- _DATA RECORDS_:
┄┄┄┄┄┄

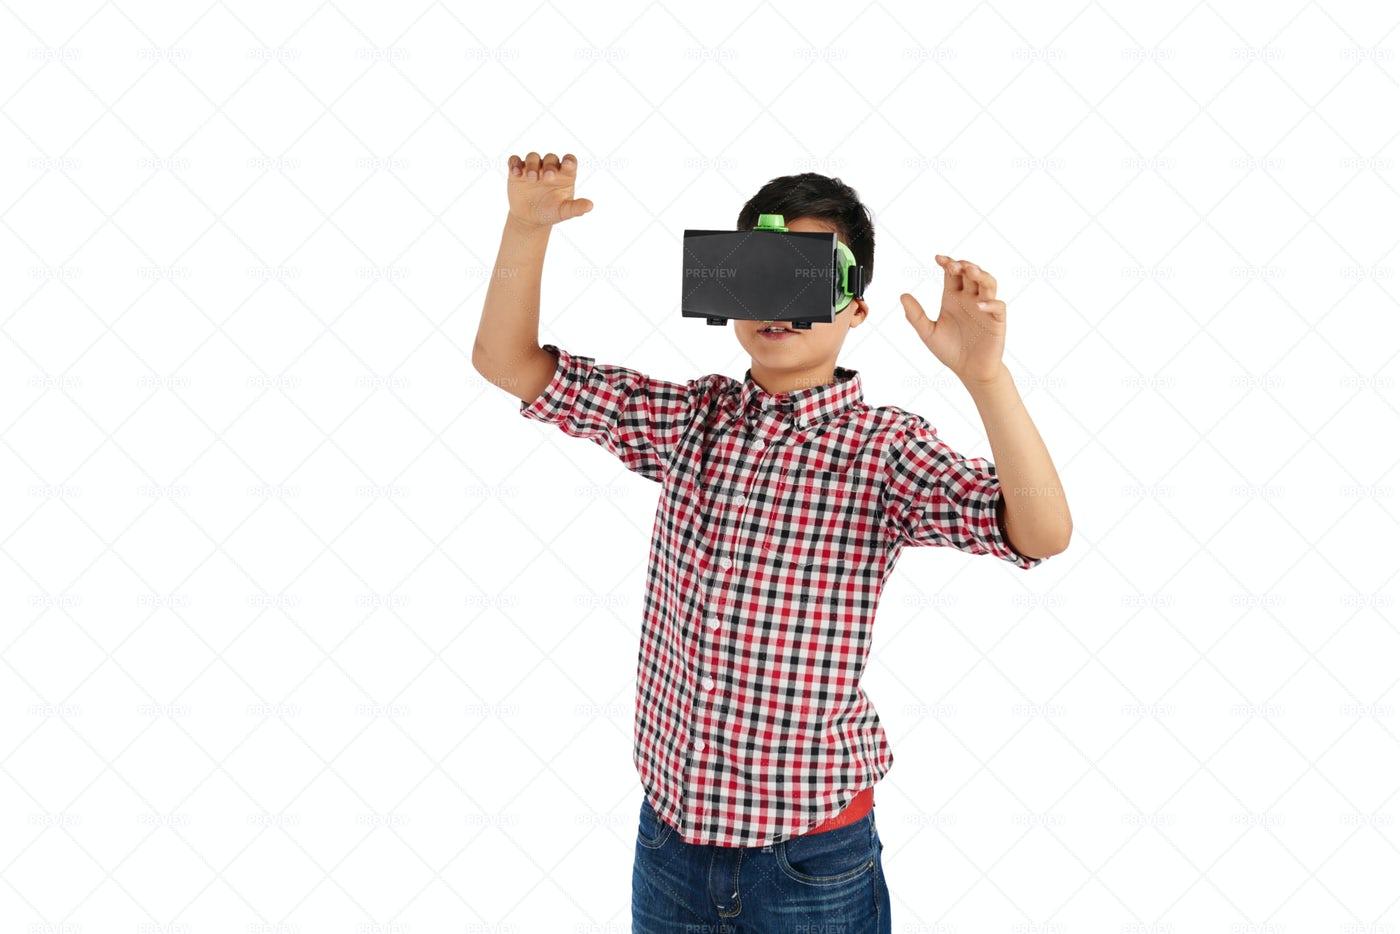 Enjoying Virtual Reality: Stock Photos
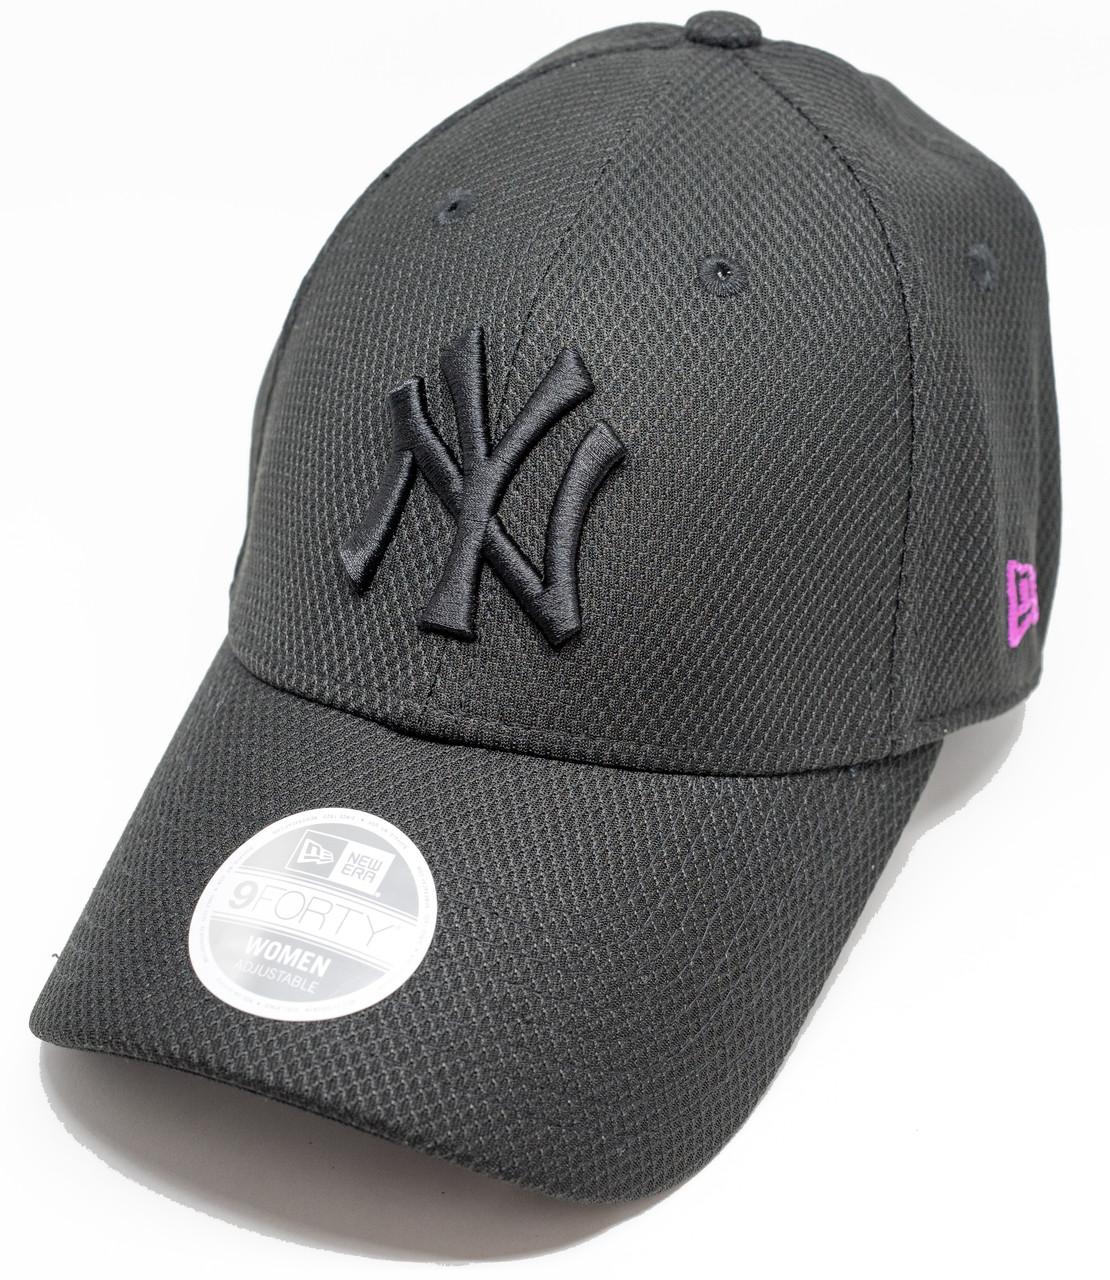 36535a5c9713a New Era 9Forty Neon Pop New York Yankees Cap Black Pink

┄┄┄┄┄┄

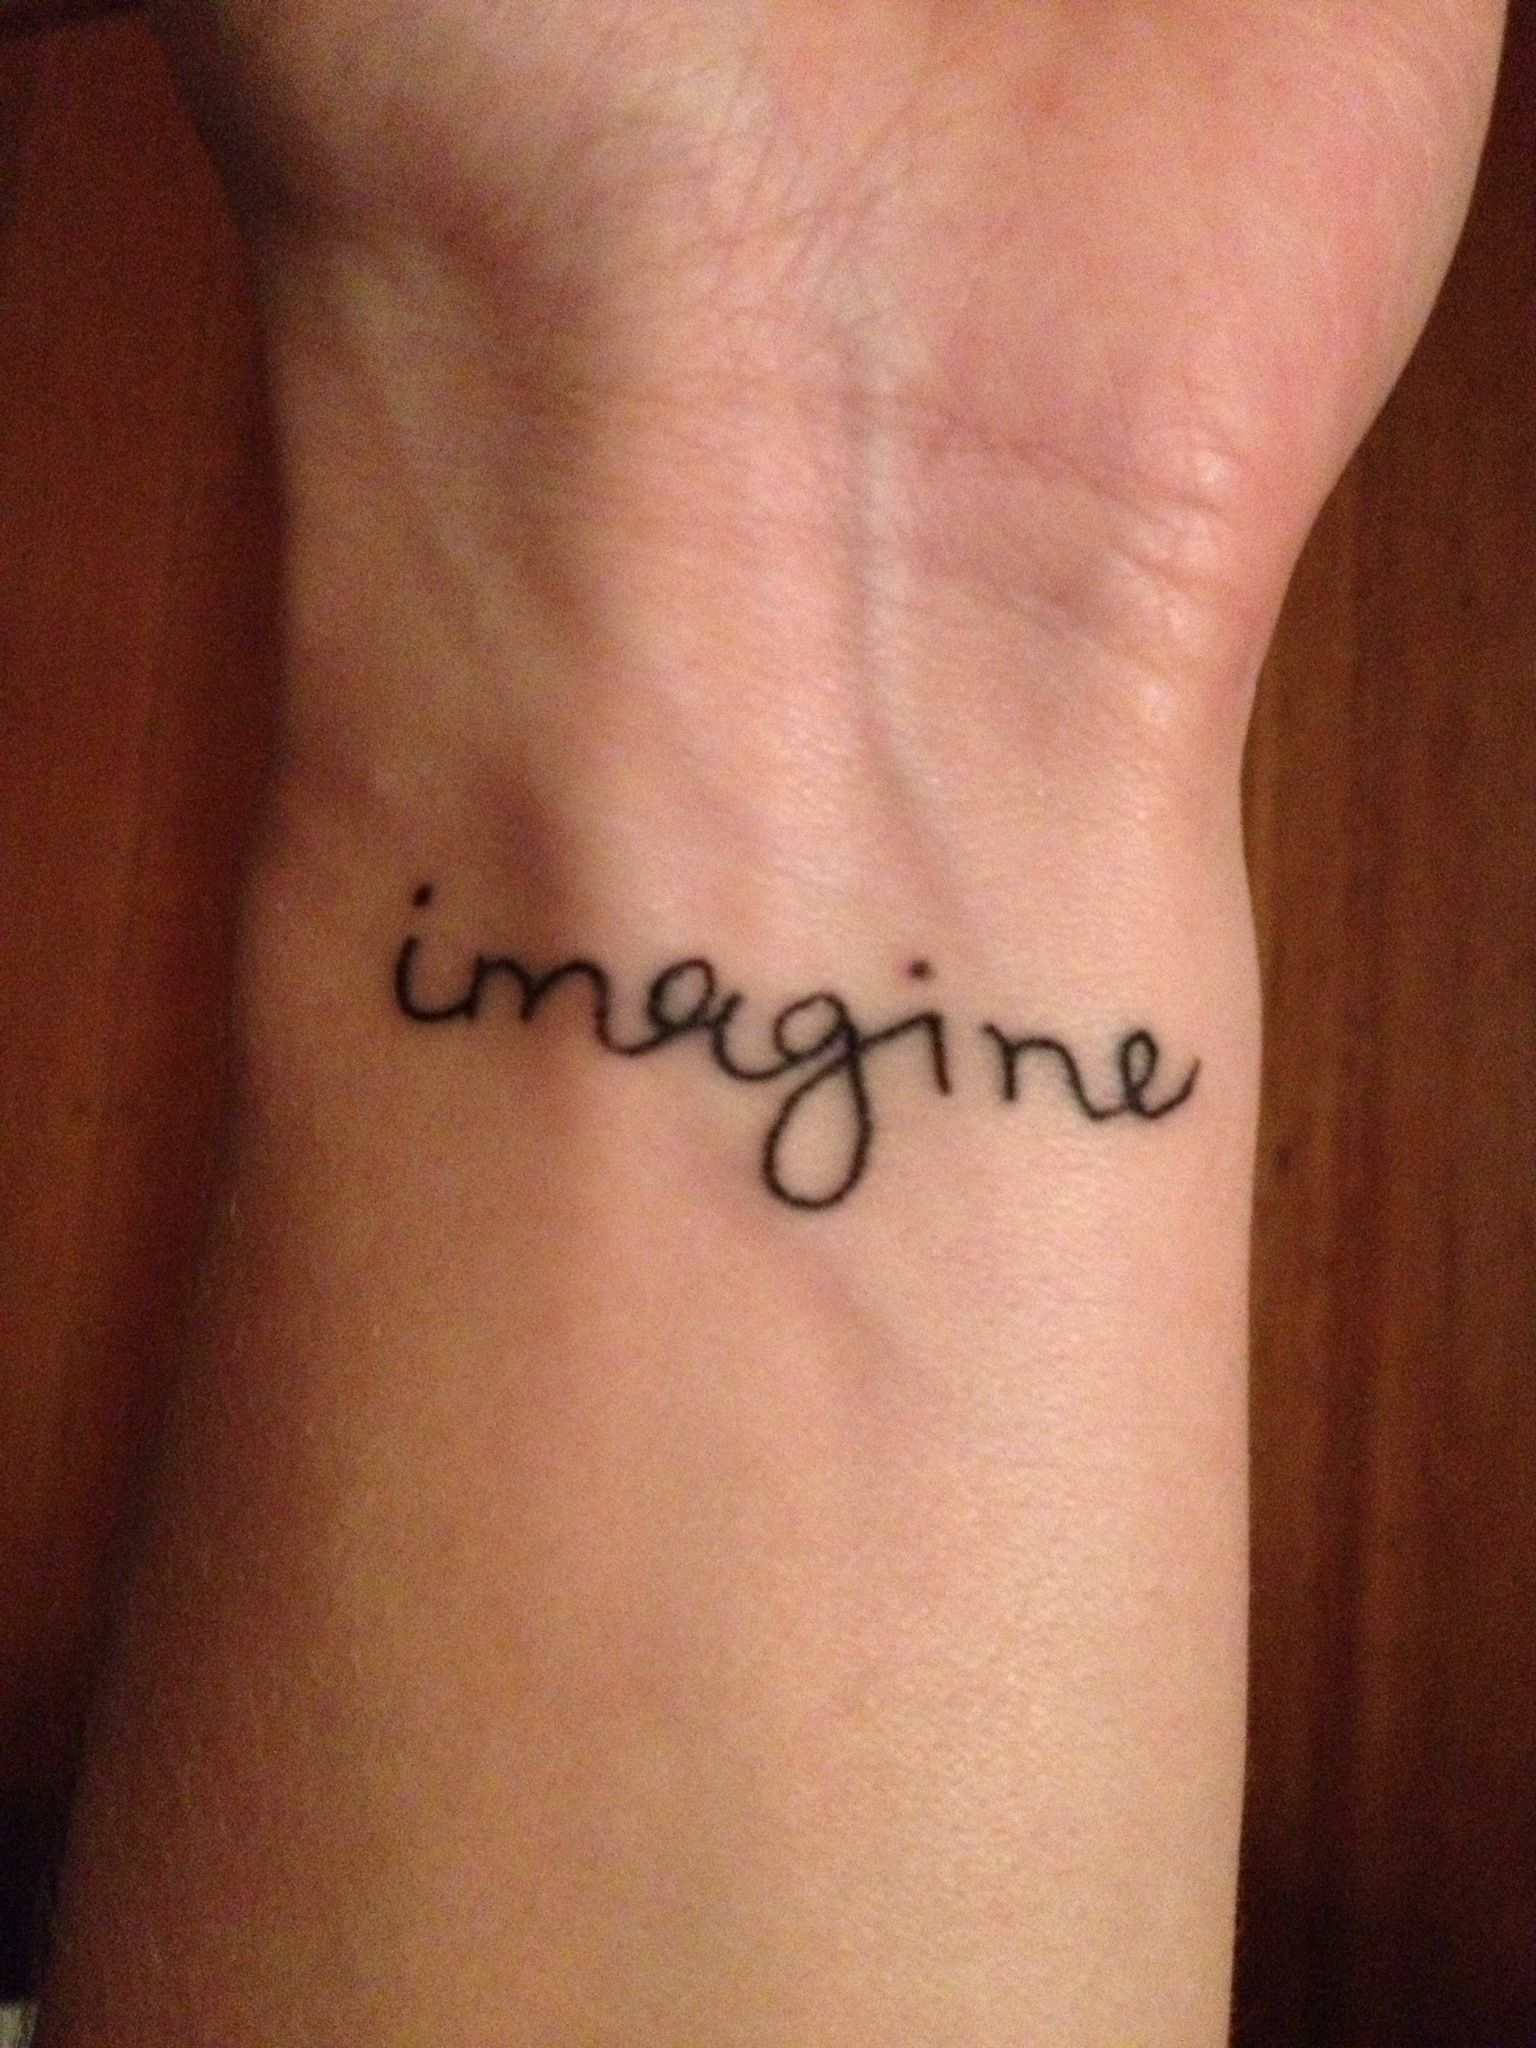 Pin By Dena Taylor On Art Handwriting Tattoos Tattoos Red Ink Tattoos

┄┄┄┄┄┄

Would you restate, exactly and with no pictures, the lines of the entries above from the one containing "Enjoying Virtual Reality: Stock Photos" through the one containing "36535a5c9713a New Era"?

- _ANSWER TO THIS EXERCISE_:
 Enjoying Virtual Reality: Stock Photos
 36535a5c9713a New Era 9Forty Neon Pop New York Yankees Cap Black Pink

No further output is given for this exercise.